TASK DESCRIPTION → Retype the data below exactly, skipping pictures.

PROVIDED MATERIAL →
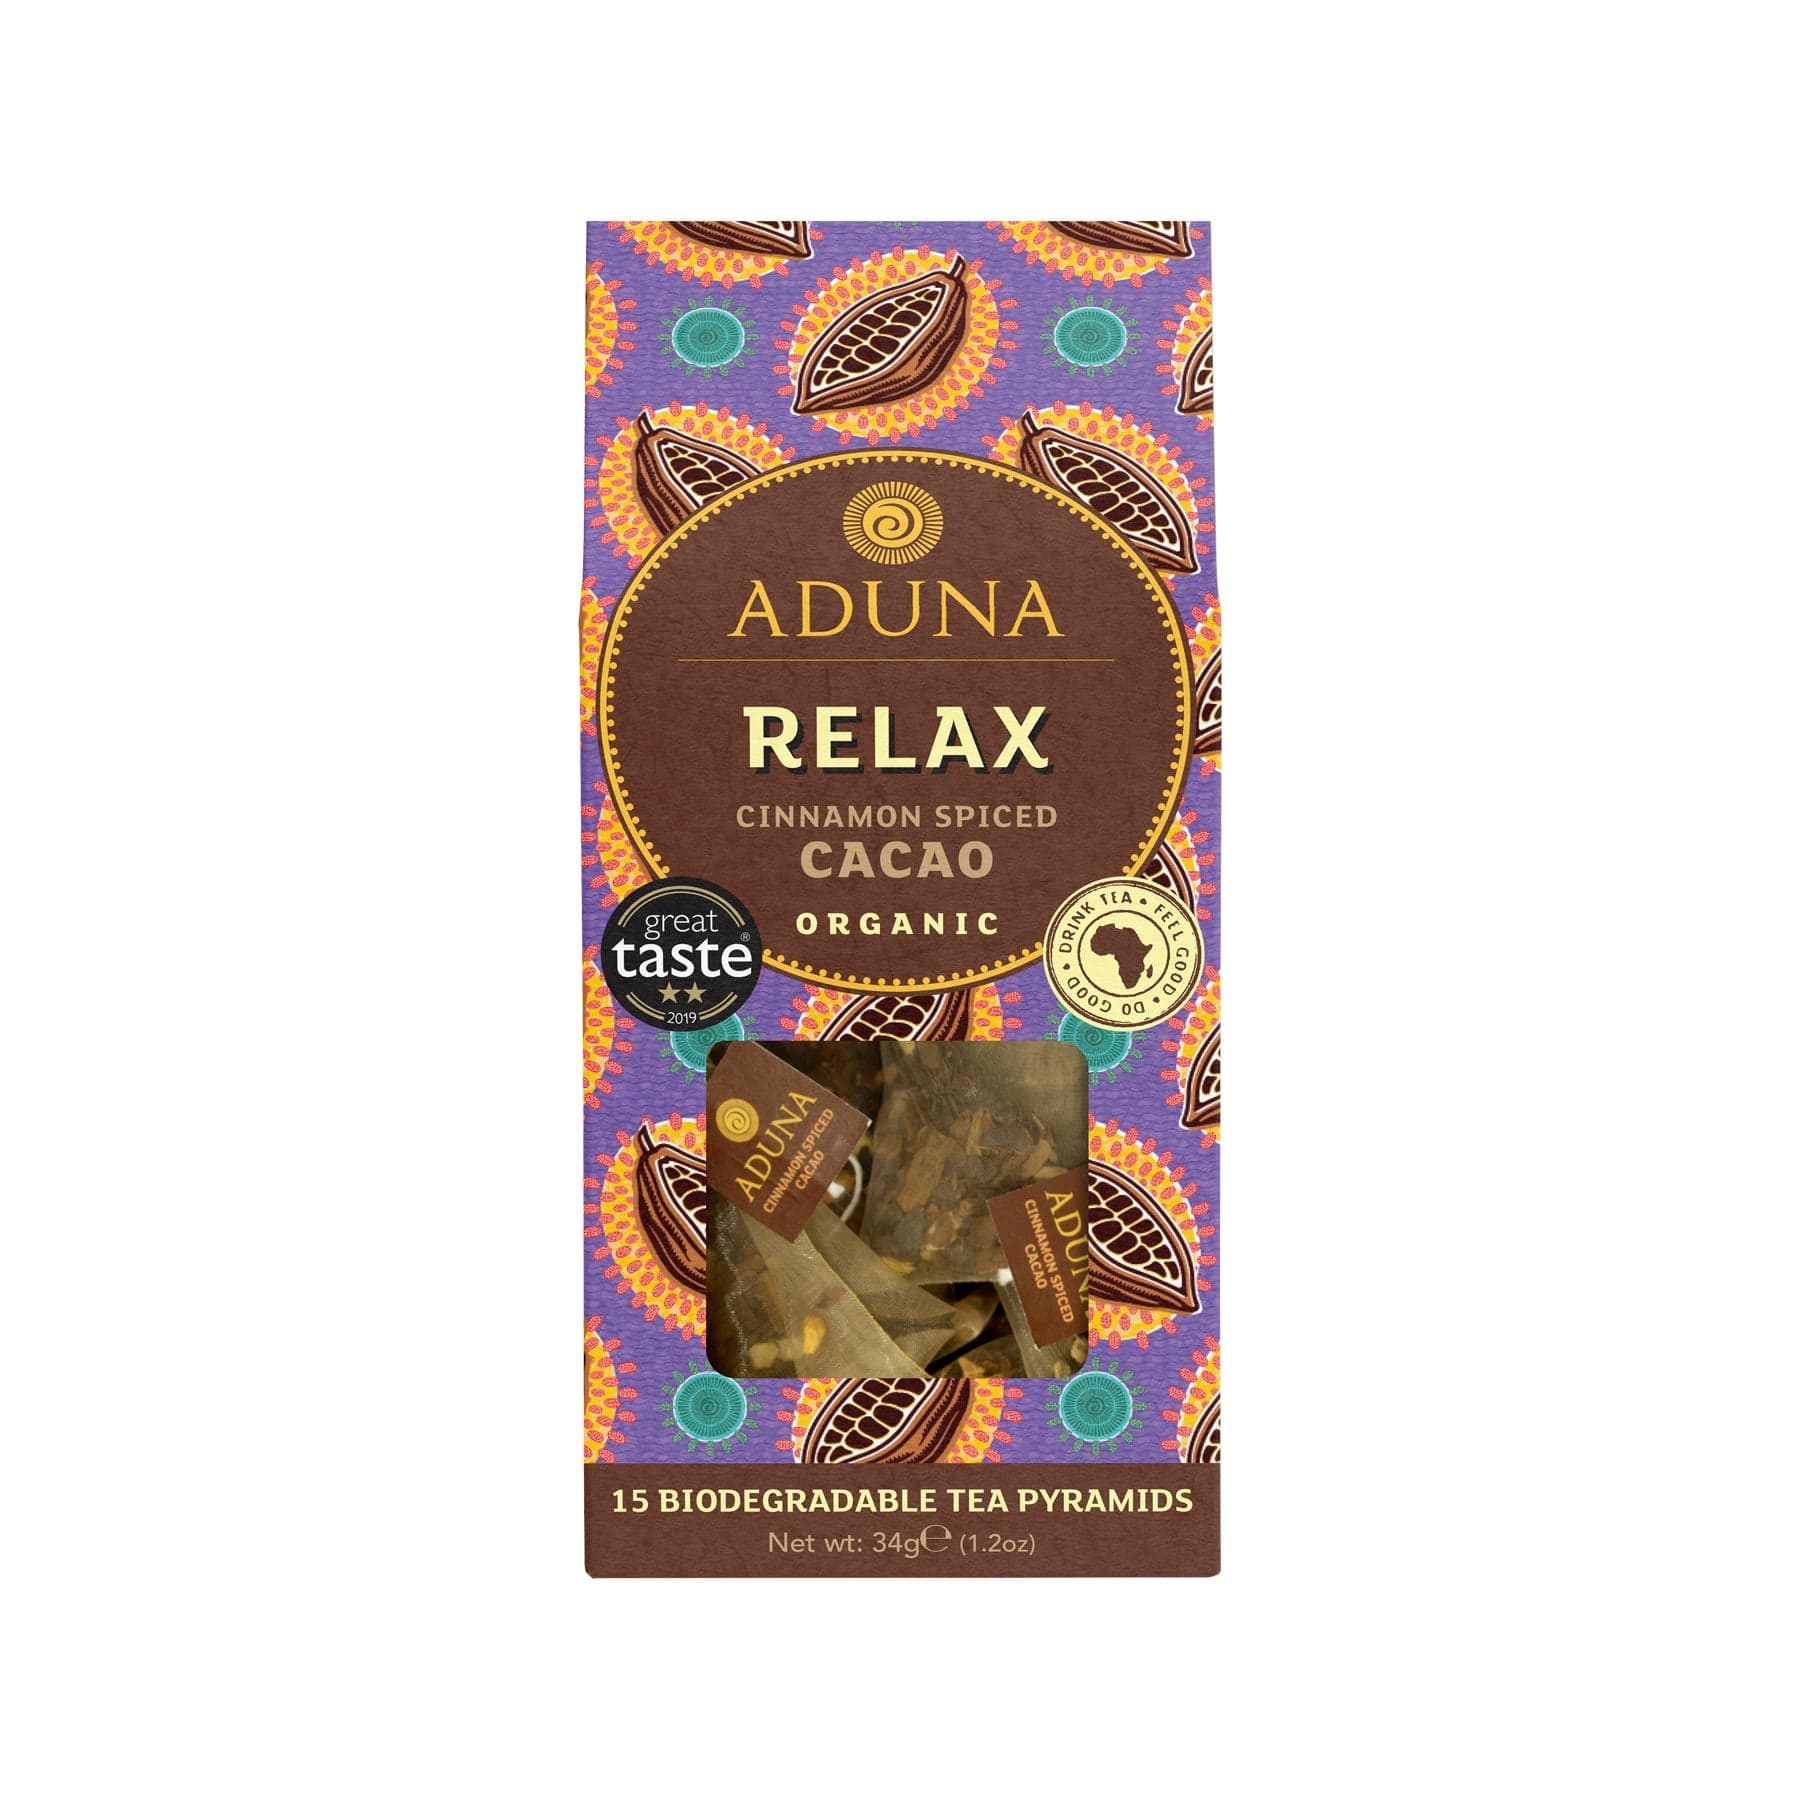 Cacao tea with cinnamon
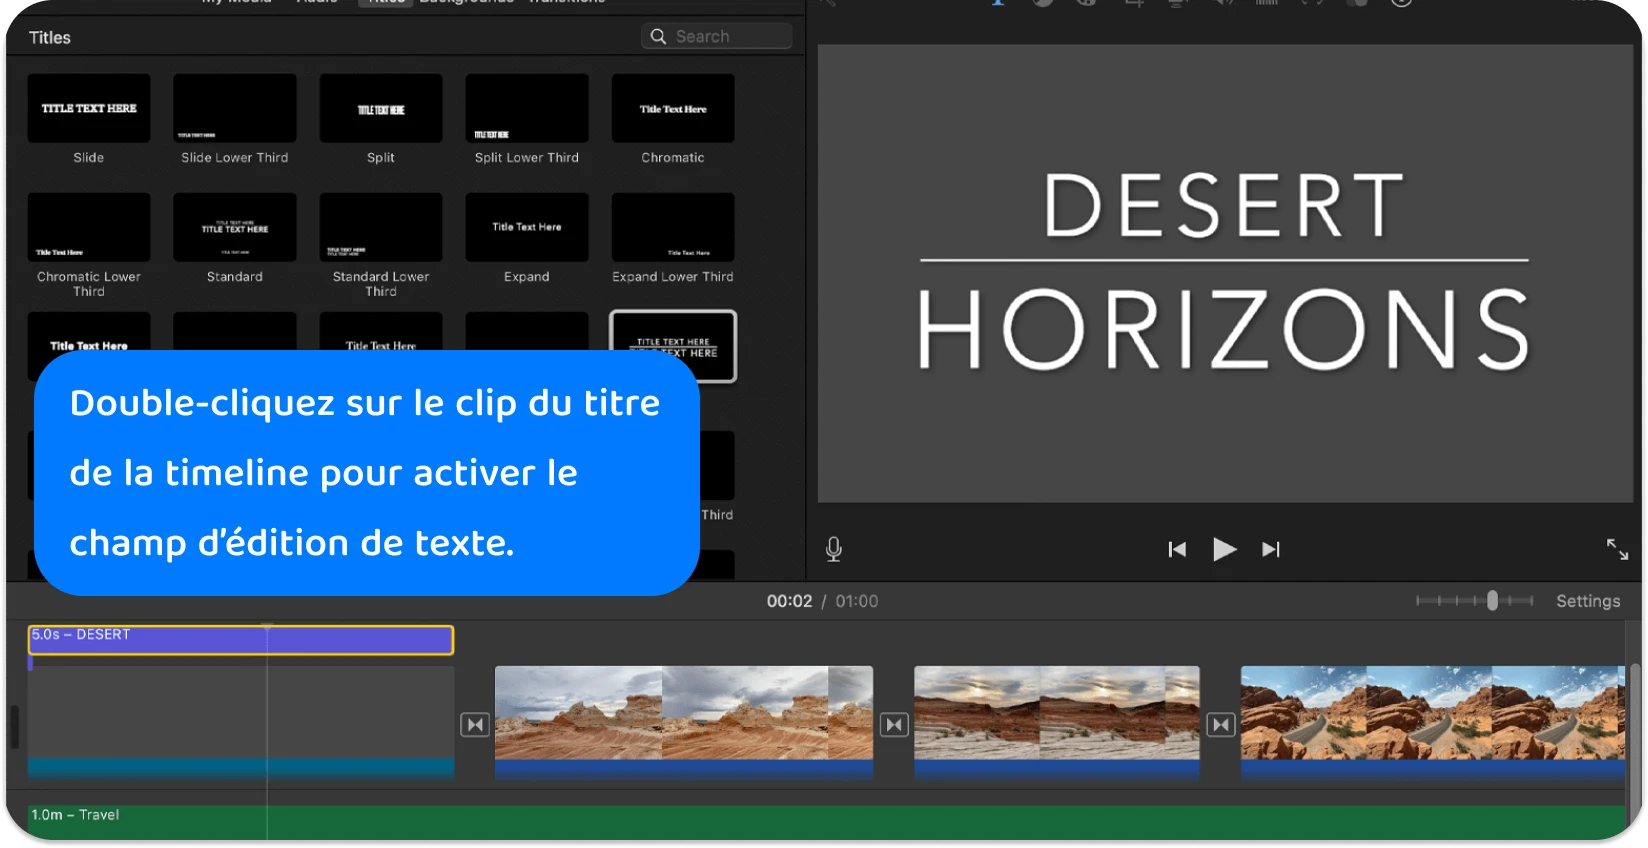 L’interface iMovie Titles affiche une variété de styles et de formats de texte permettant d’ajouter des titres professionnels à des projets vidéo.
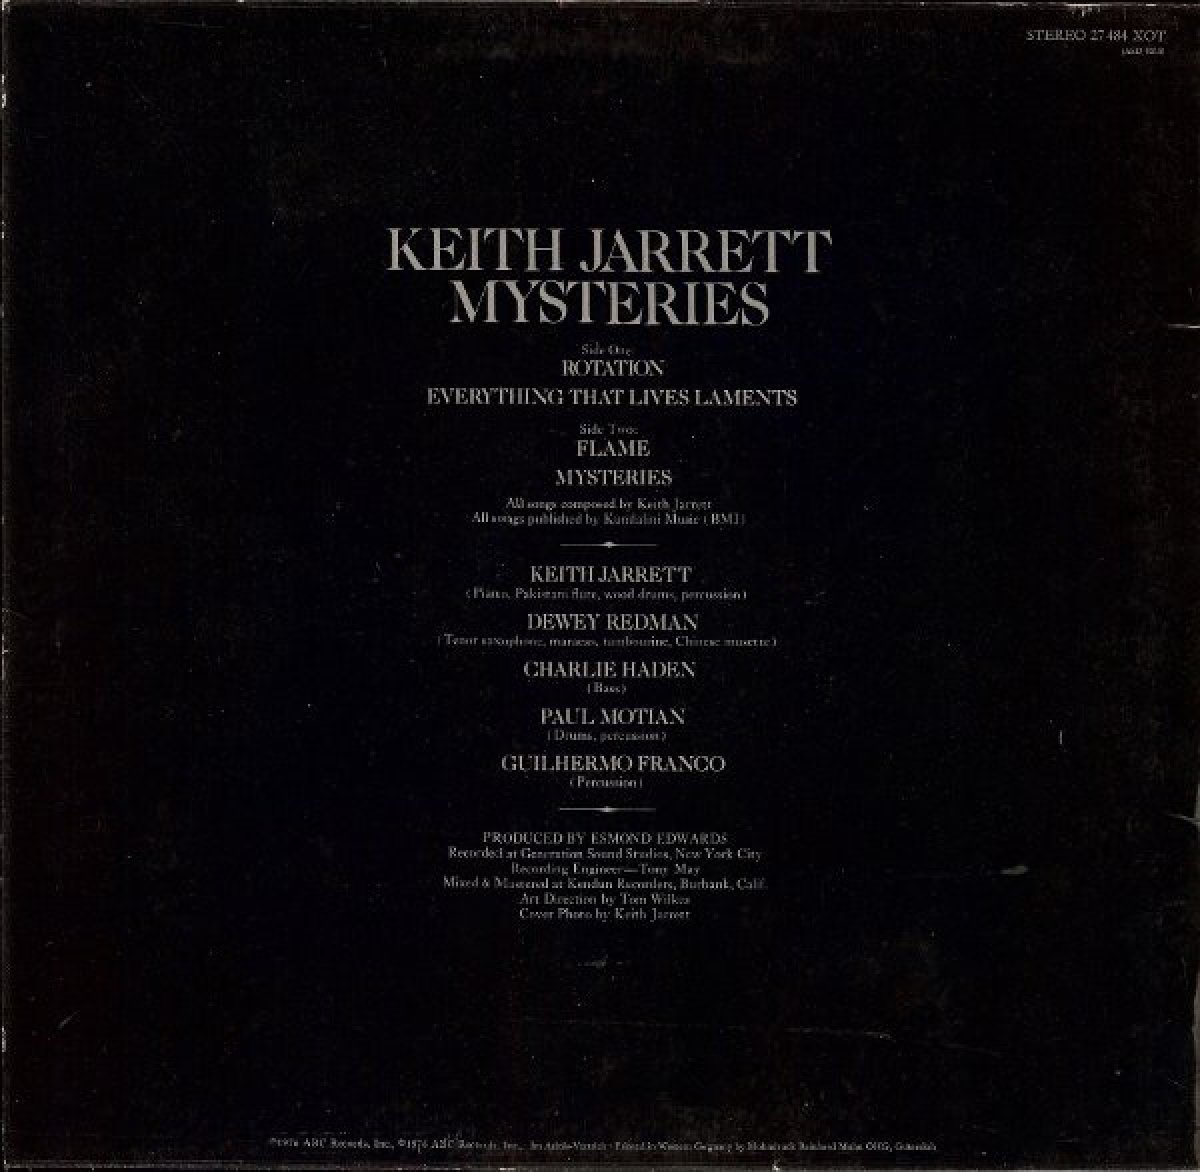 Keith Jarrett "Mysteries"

PROBLEM SOLUTION →
 Cacao tea with cinnamon
 L’interface iMovie Titles affiche une variété de styles et de formats de texte permettant d’ajouter des titres professionnels à des projets vidéo.
 Keith Jarrett "Mysteries"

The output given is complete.